Data excerpt>
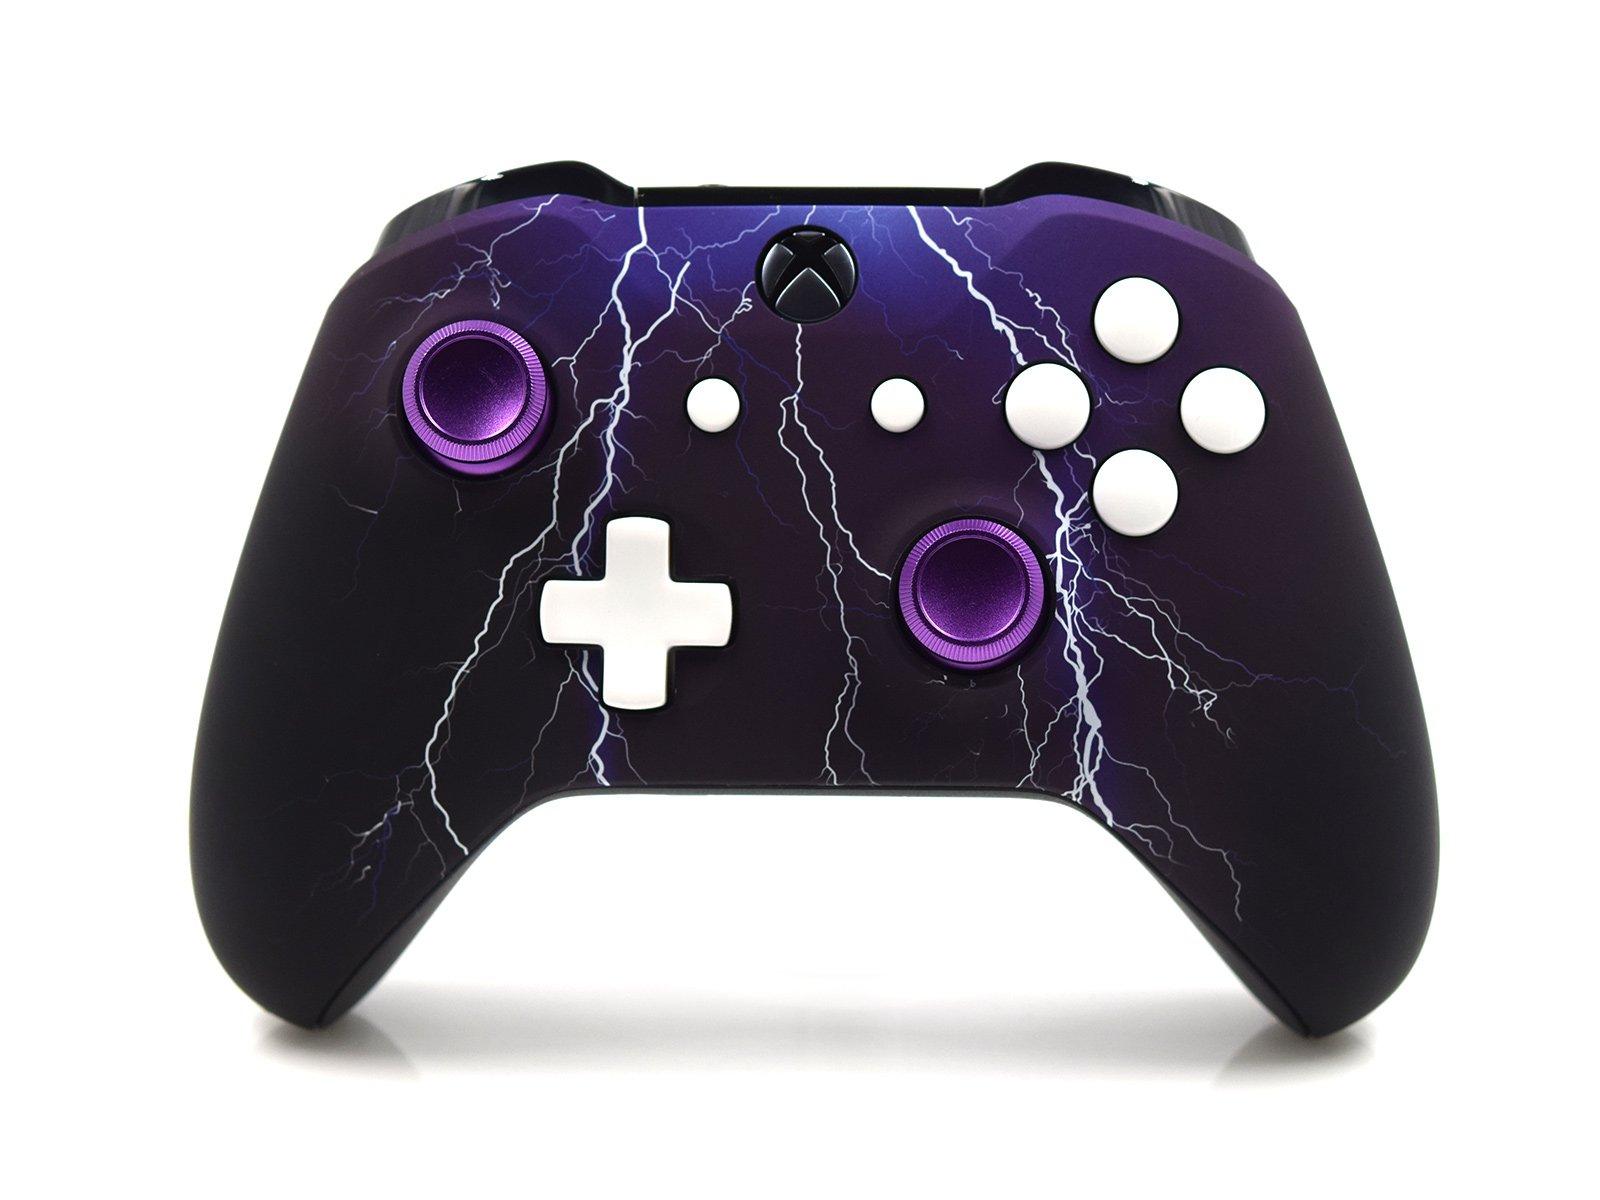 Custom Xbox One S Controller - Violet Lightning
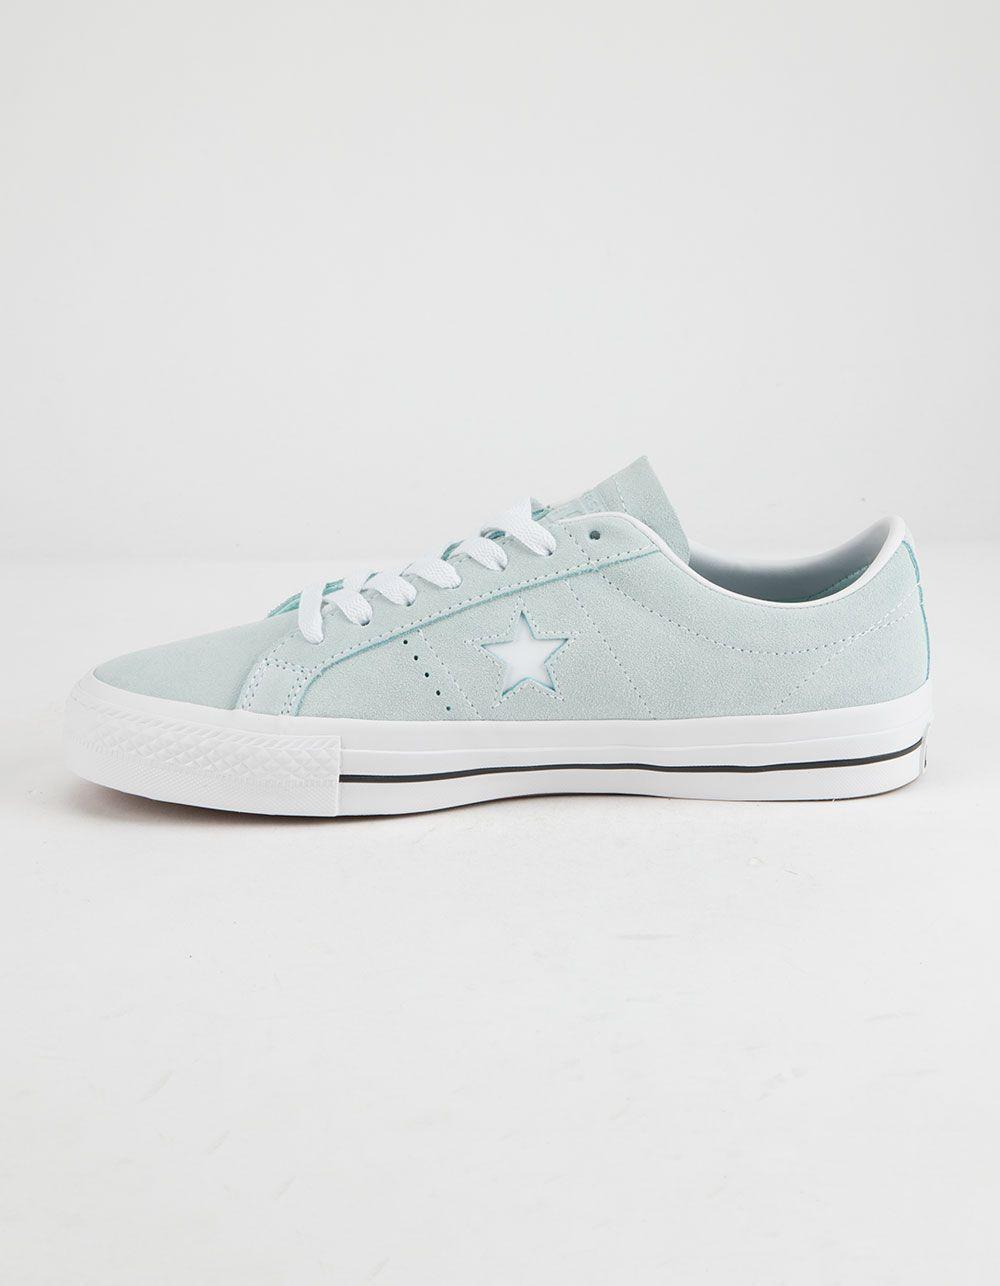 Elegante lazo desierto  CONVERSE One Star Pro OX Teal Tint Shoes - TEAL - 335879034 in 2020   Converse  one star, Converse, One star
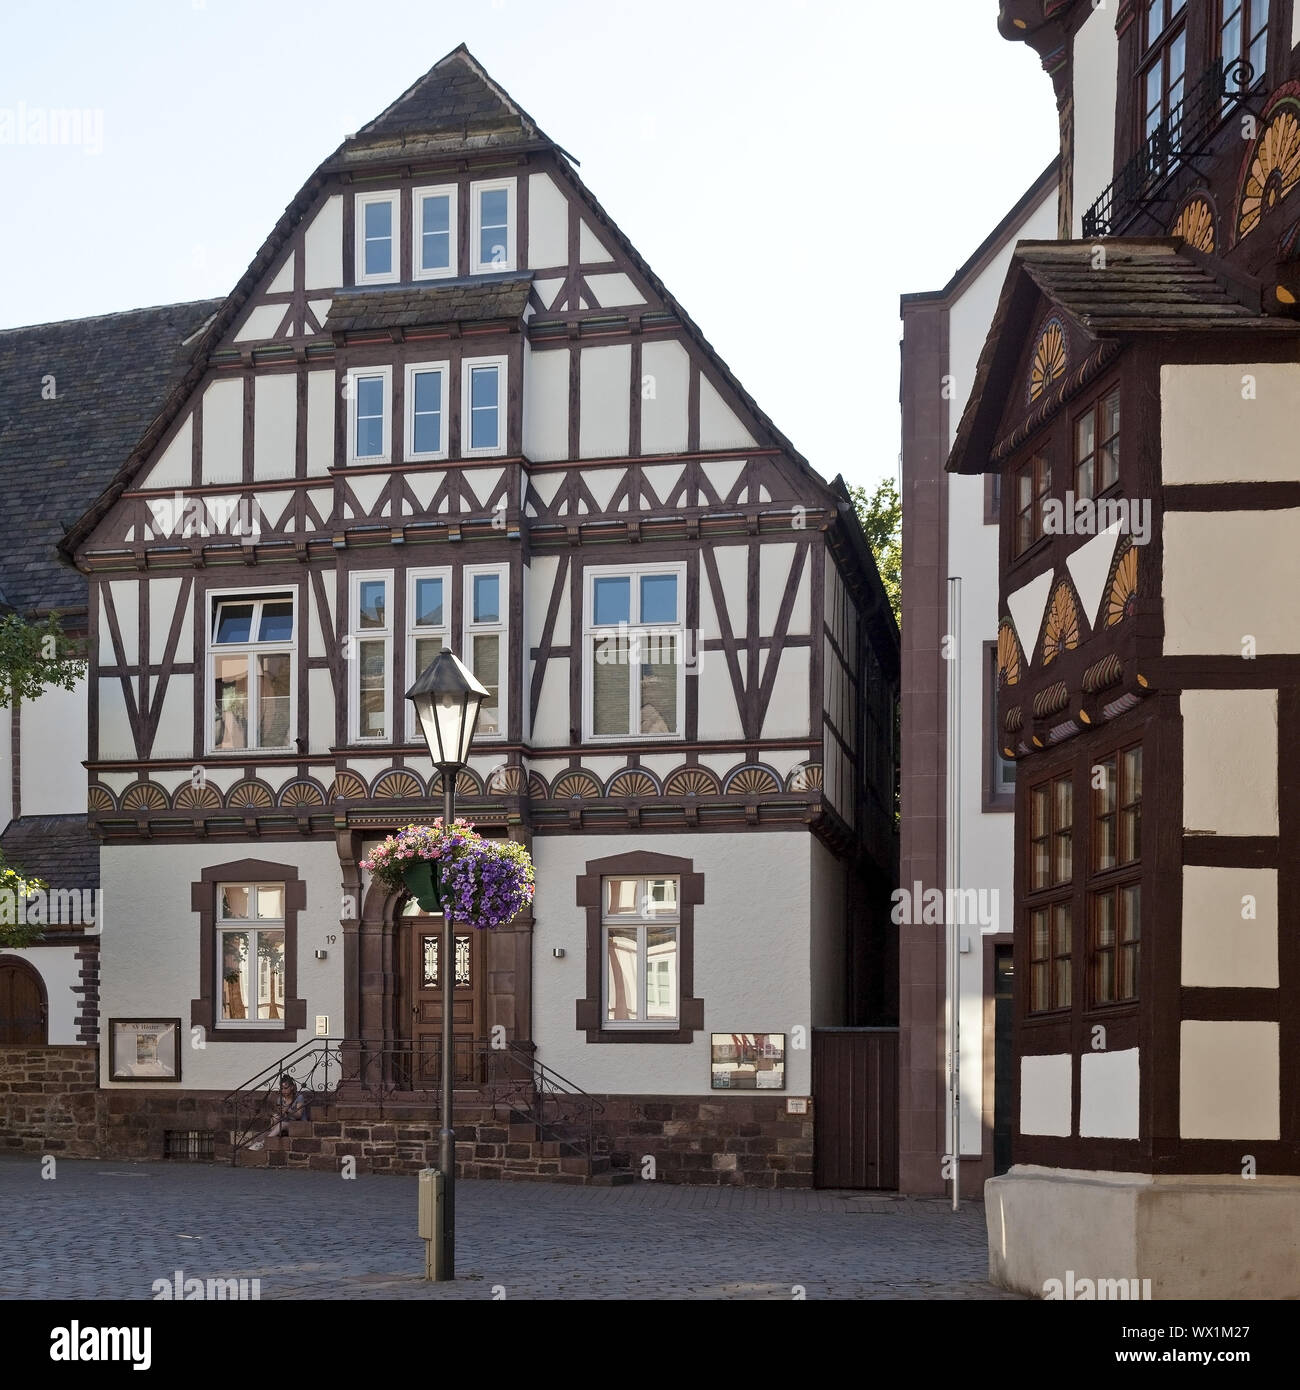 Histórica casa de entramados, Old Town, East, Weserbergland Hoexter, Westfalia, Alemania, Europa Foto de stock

What the task asks>
With the pictures left out, output exactly the lines that begin at the line containing "Elegante lazo desierto" and end at the last line of the material.

Exercise result>
 Elegante lazo desierto  CONVERSE One Star Pro OX Teal Tint Shoes - TEAL - 335879034 in 2020   Converse  one star, Converse, One star
 Histórica casa de entramados, Old Town, East, Weserbergland Hoexter, Westfalia, Alemania, Europa Foto de stock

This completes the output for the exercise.